Work to complete: Below are records with pictures. Transcribe exactly, and only, the lines from the line with "suzuki 1800 cc" to the line with "Fotos der ballon aktion zum download", both ends included, but not the pictures.

*** Dataset records ***

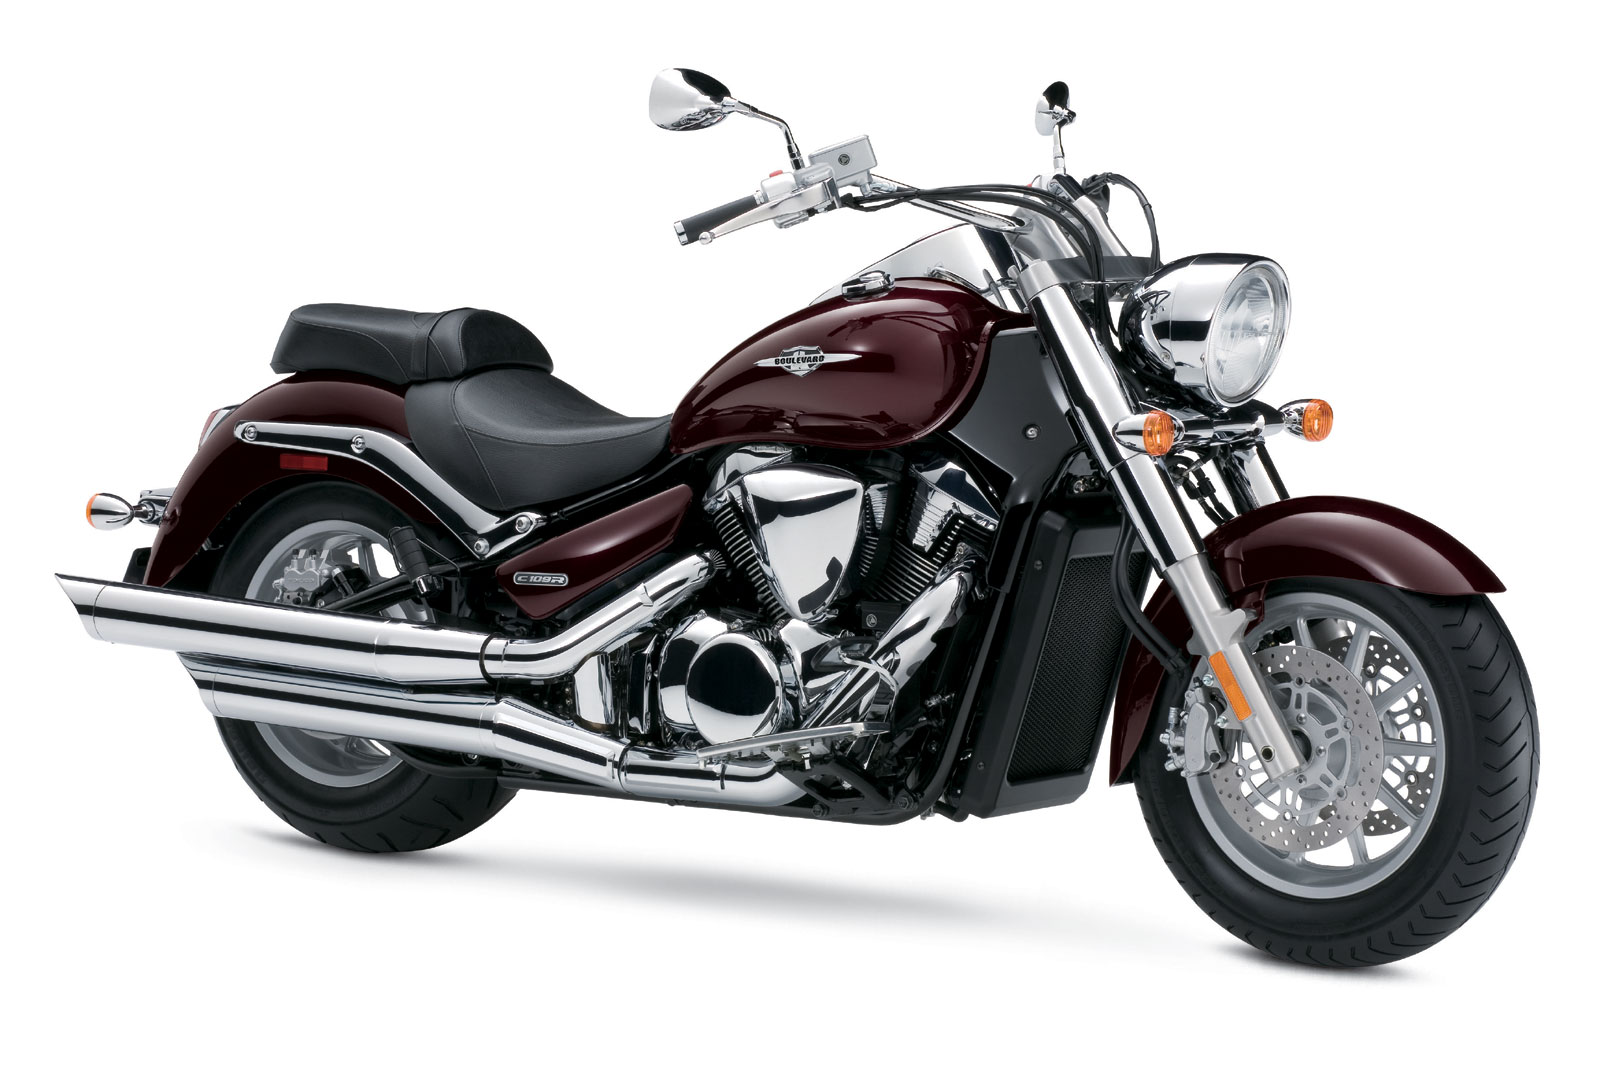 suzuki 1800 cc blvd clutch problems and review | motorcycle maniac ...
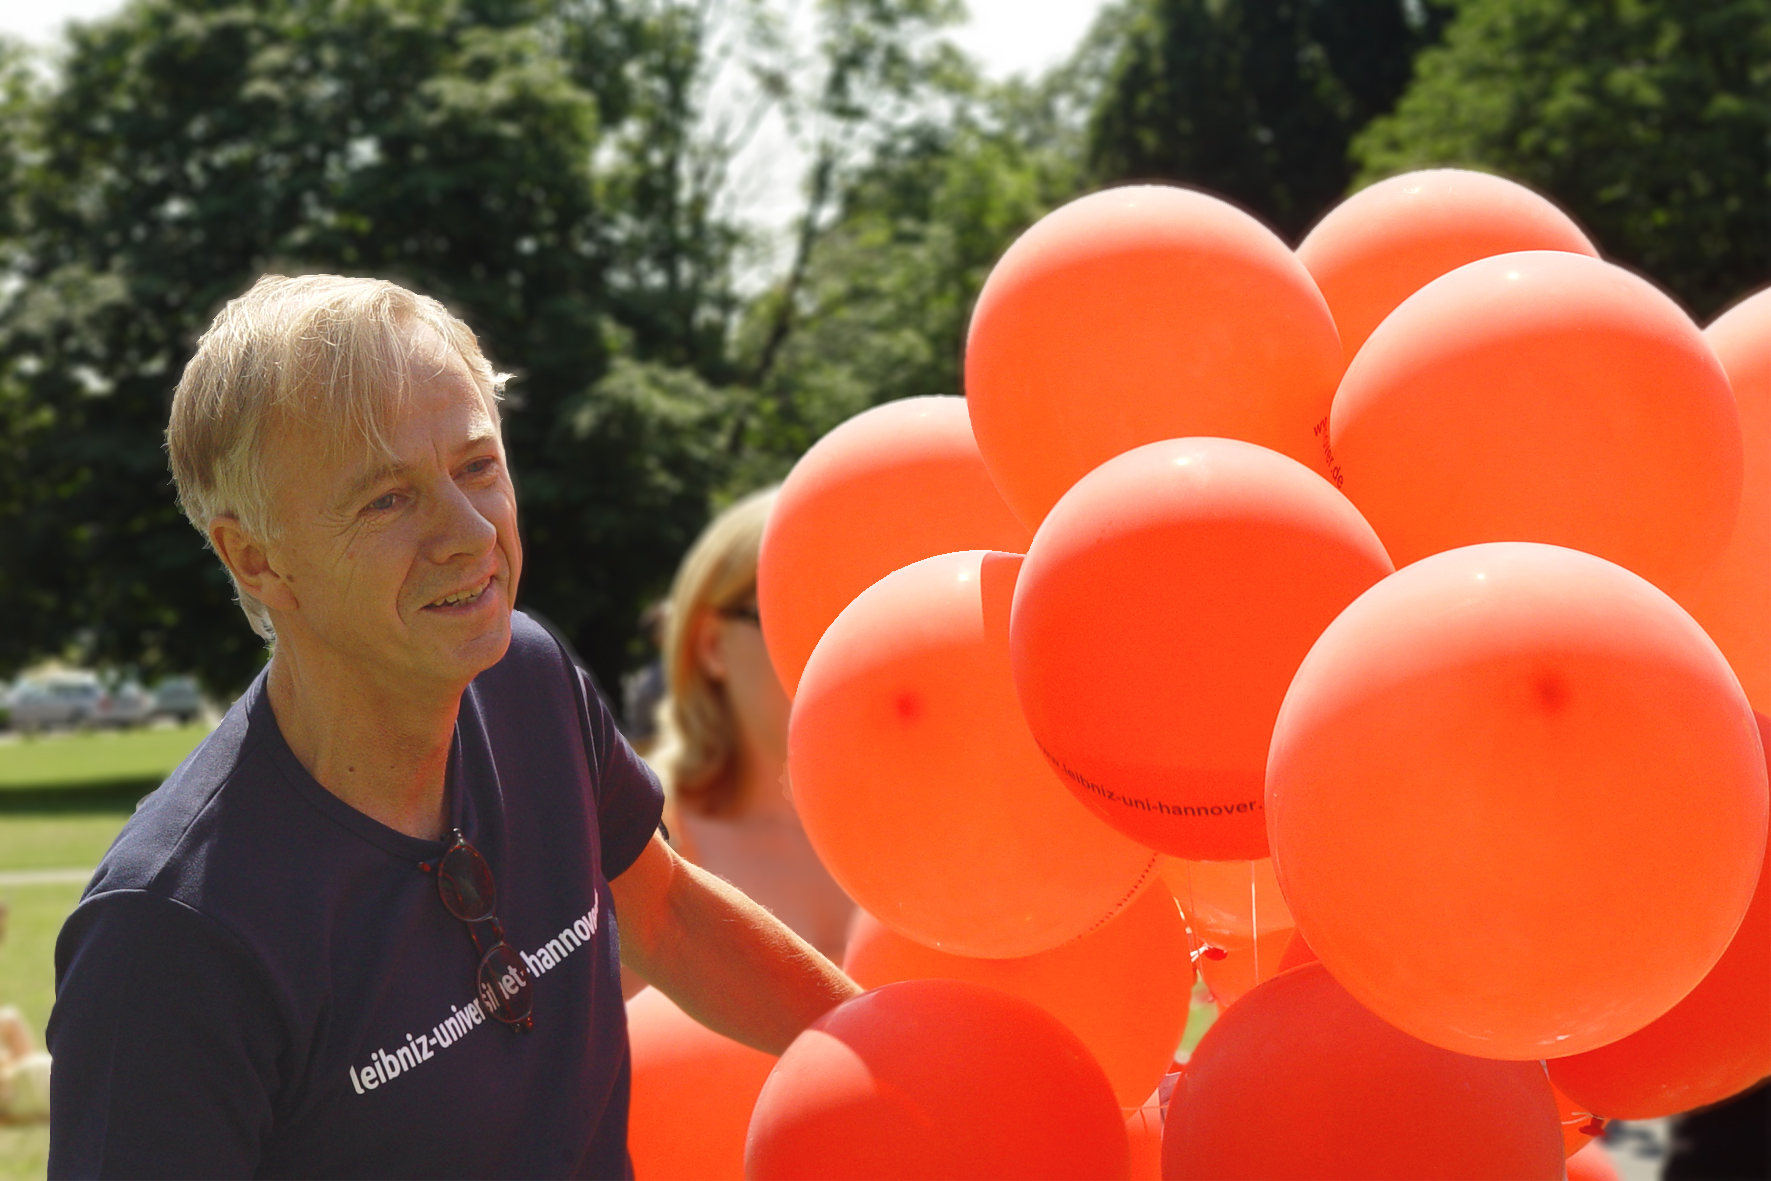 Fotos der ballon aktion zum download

*** End of Dataset records ***
*** Dataset records ***

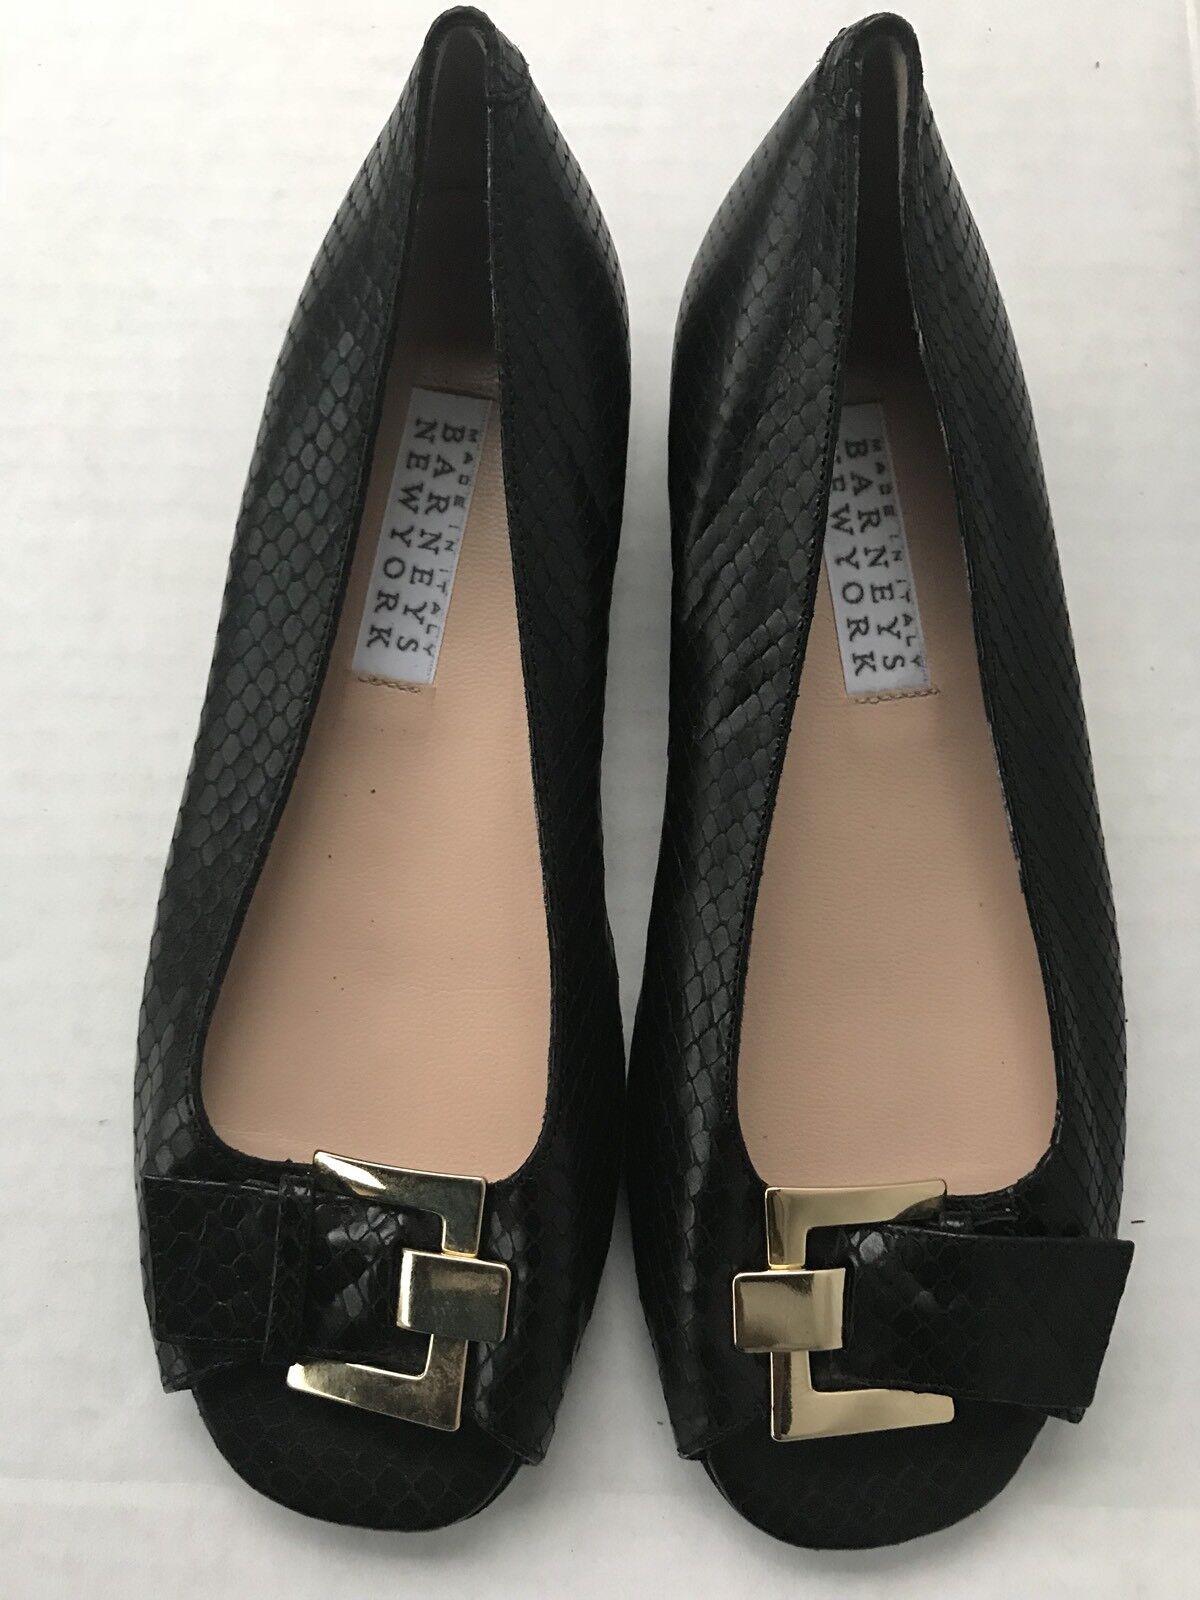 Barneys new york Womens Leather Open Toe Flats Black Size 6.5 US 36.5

*** End of Dataset records ***

Exercise response:
 suzuki 1800 cc blvd clutch problems and review | motorcycle maniac ...
 Fotos der ballon aktion zum download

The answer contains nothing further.